%%

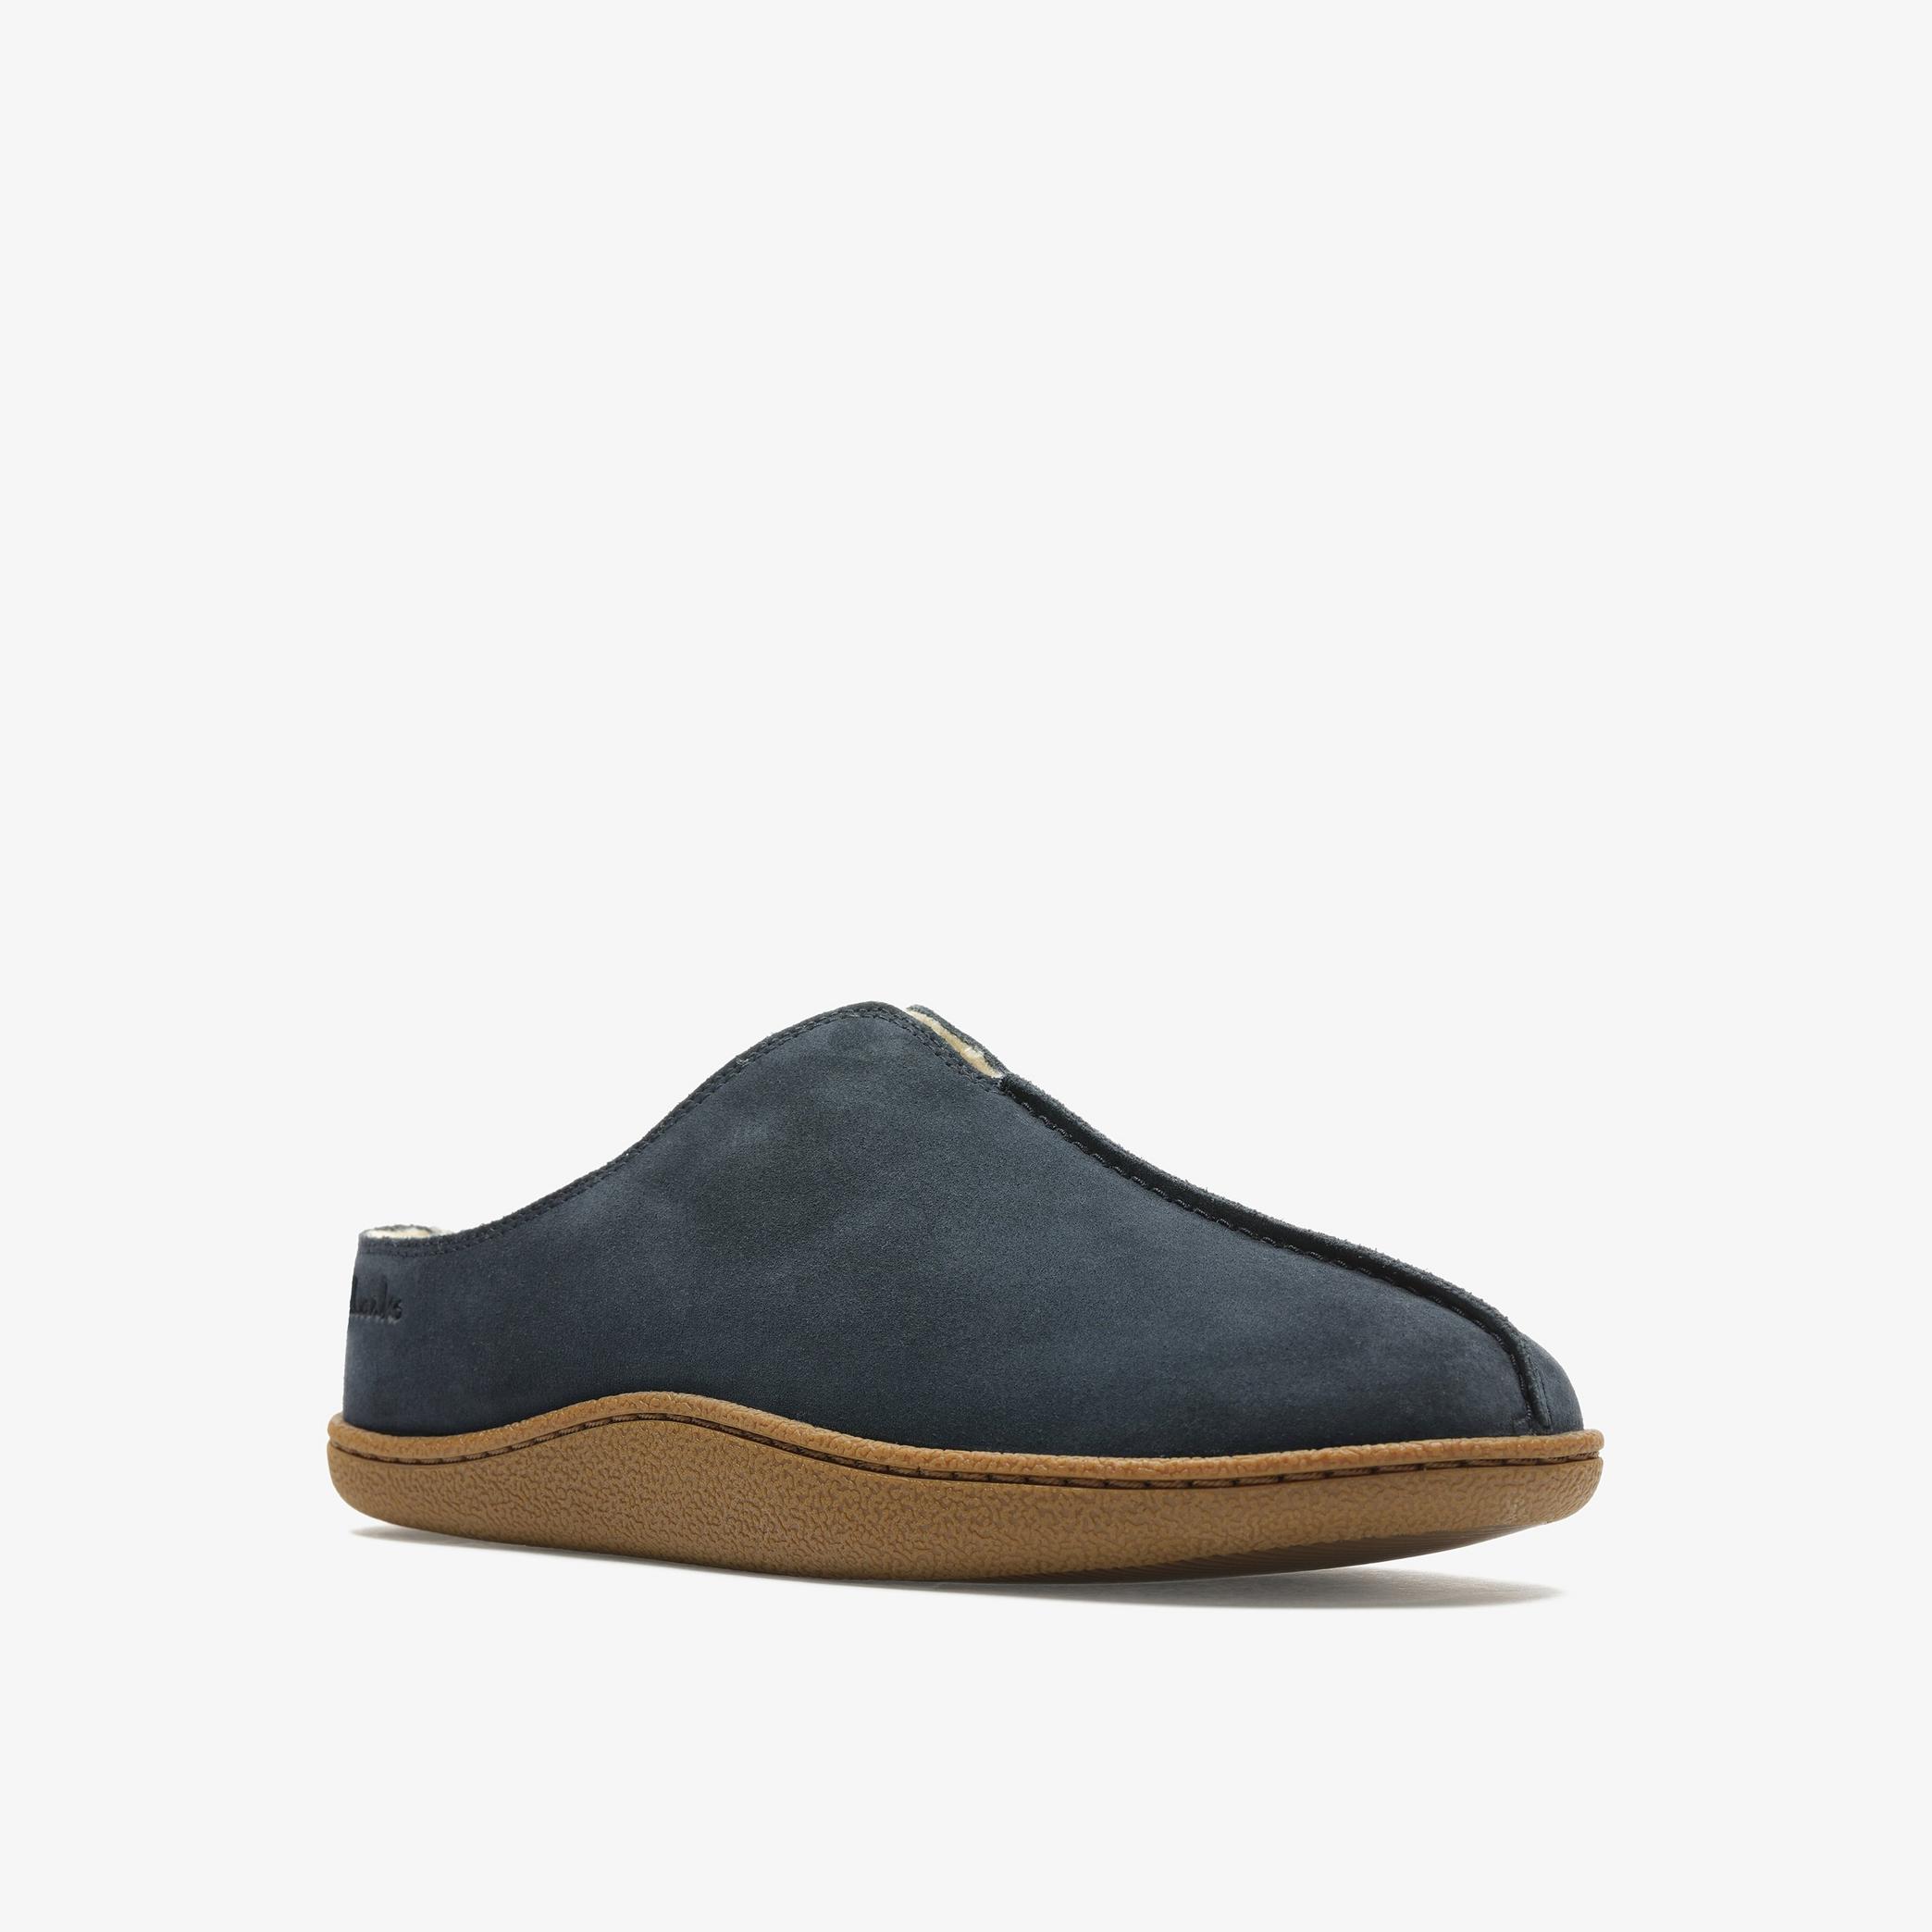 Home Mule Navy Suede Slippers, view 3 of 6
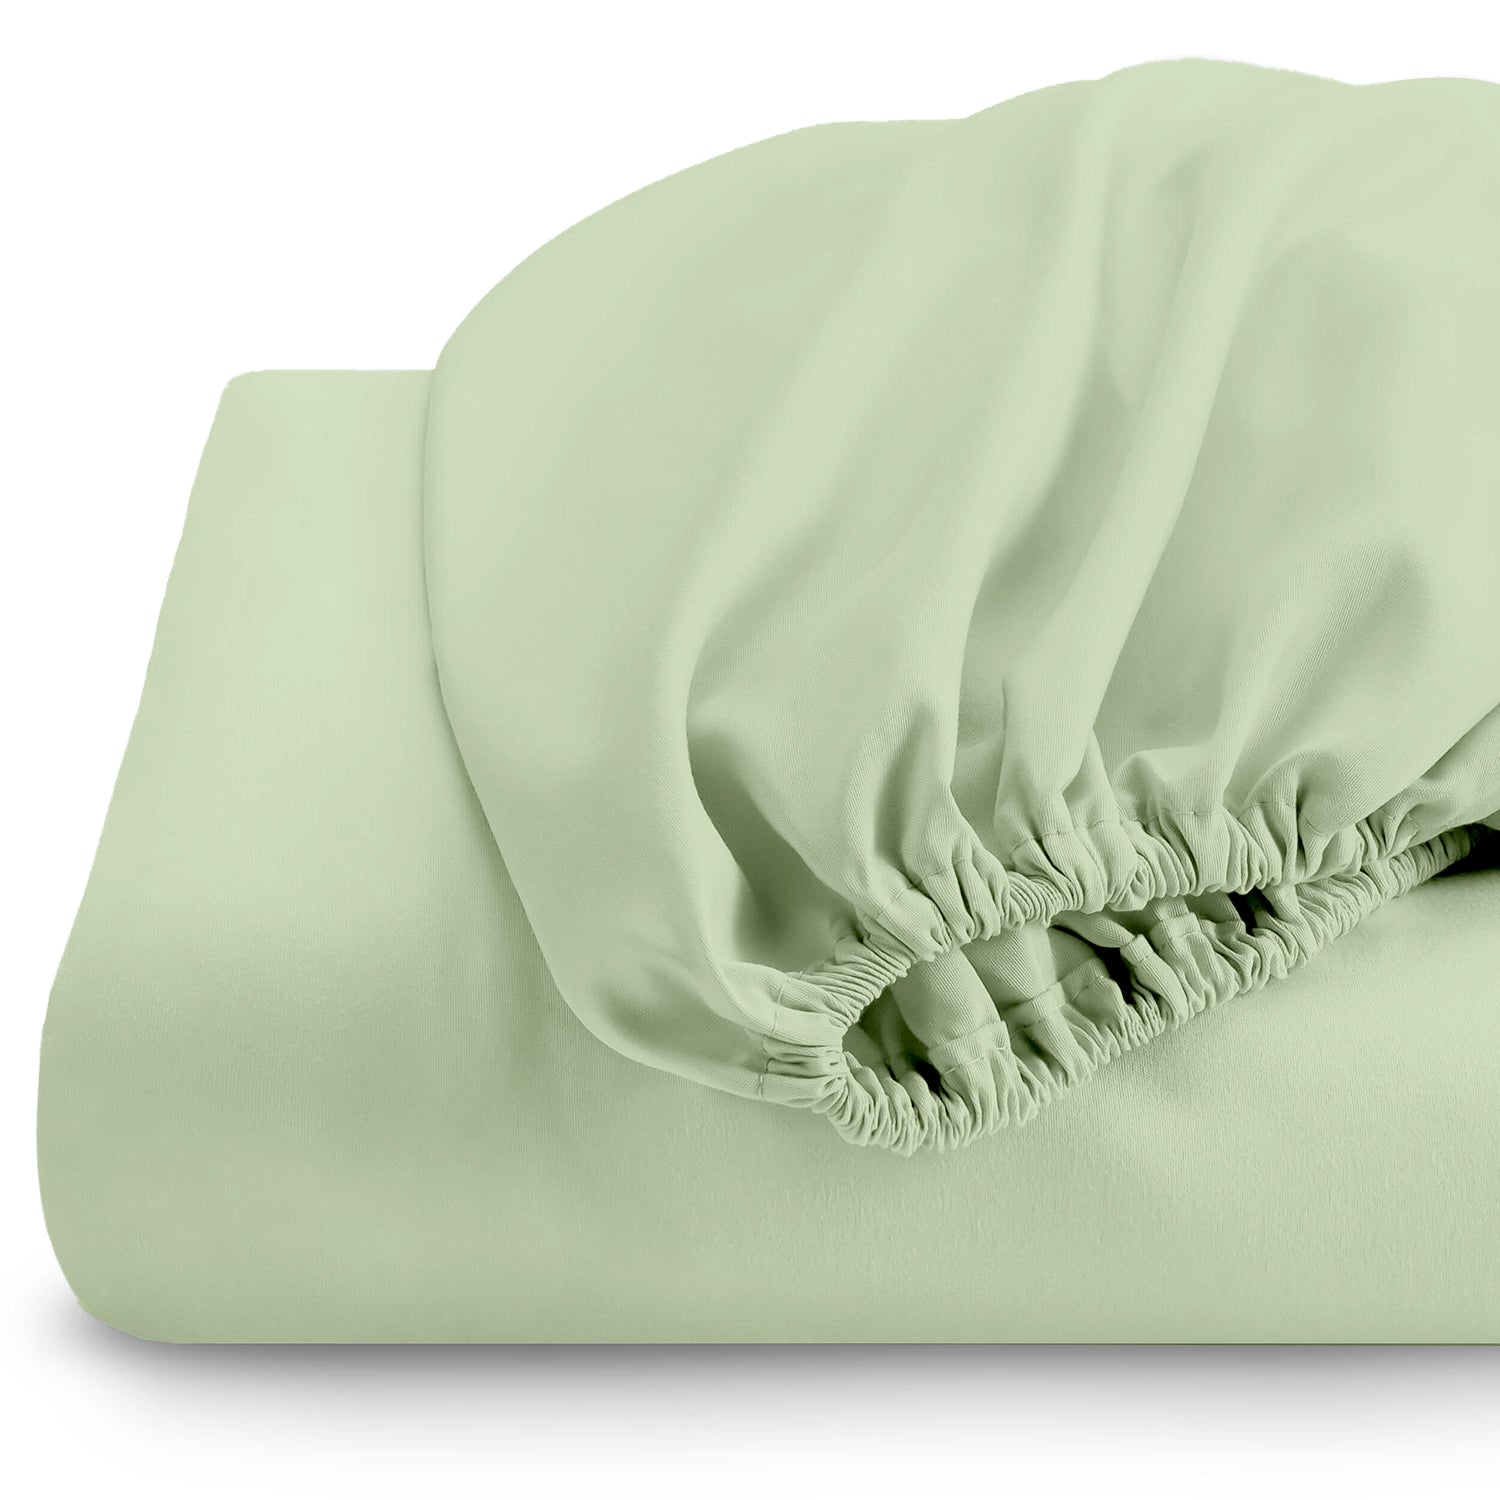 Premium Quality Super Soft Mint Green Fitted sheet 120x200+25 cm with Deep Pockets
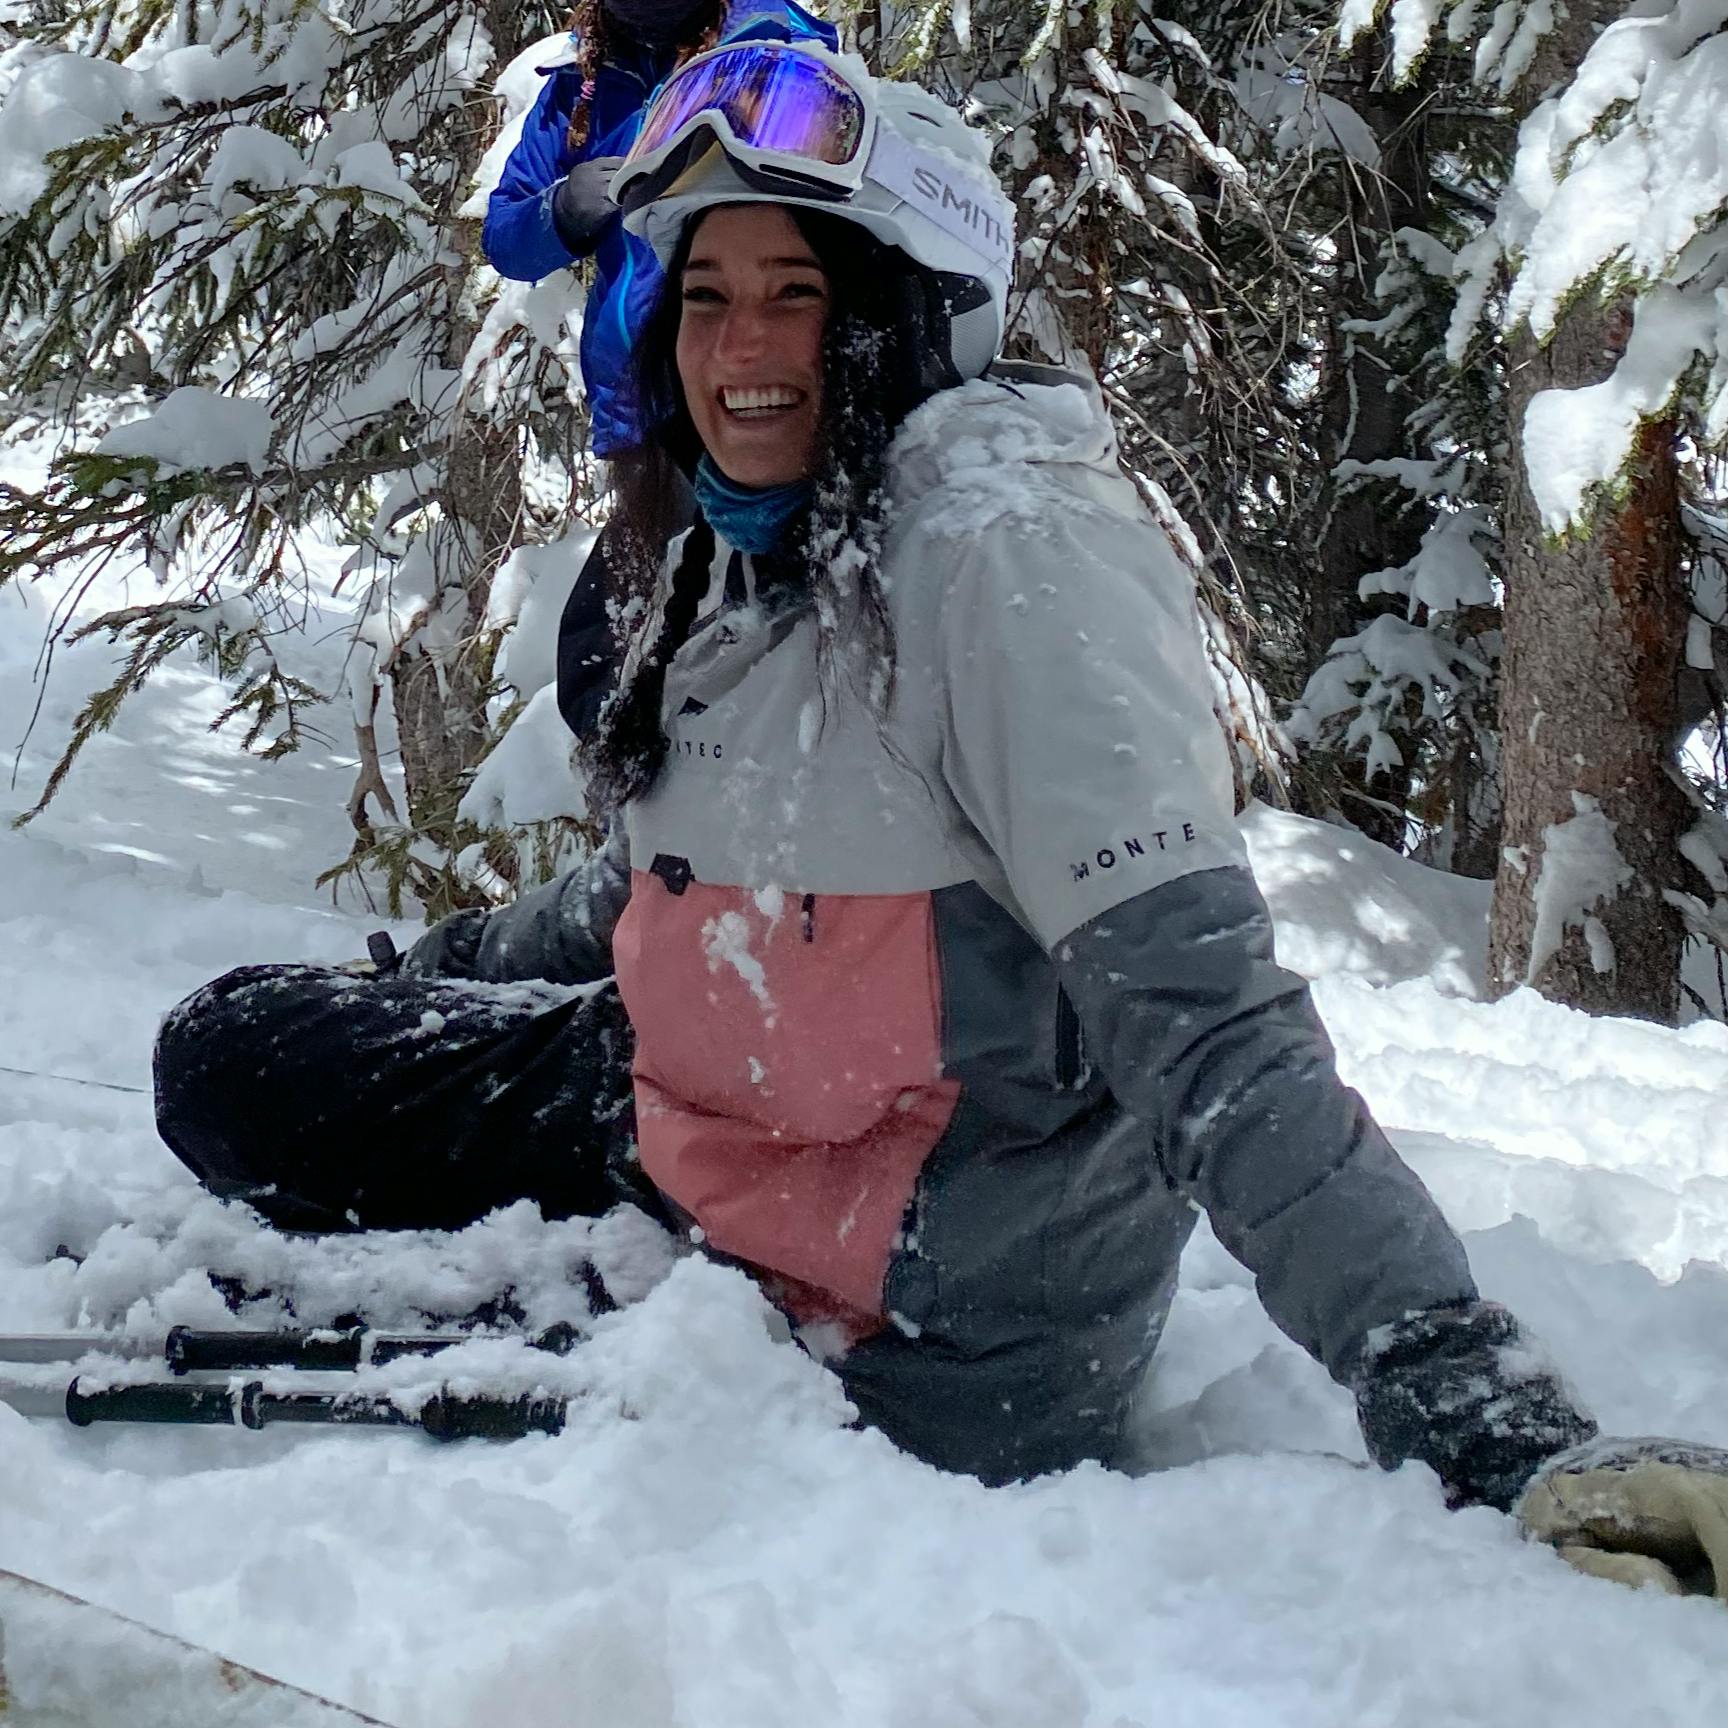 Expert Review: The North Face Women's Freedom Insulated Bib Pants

%%

▶ _Your assignment_
Only the lines starting at the one that holds "Premium Quality Super" and ending at the last line of the data belong in your answer. Please set them down exactly and omit the pictures.

▶ _Exercise solution_
 Premium Quality Super Soft Mint Green Fitted sheet 120x200+25 cm with Deep Pockets
 Expert Review: The North Face Women's Freedom Insulated Bib Pants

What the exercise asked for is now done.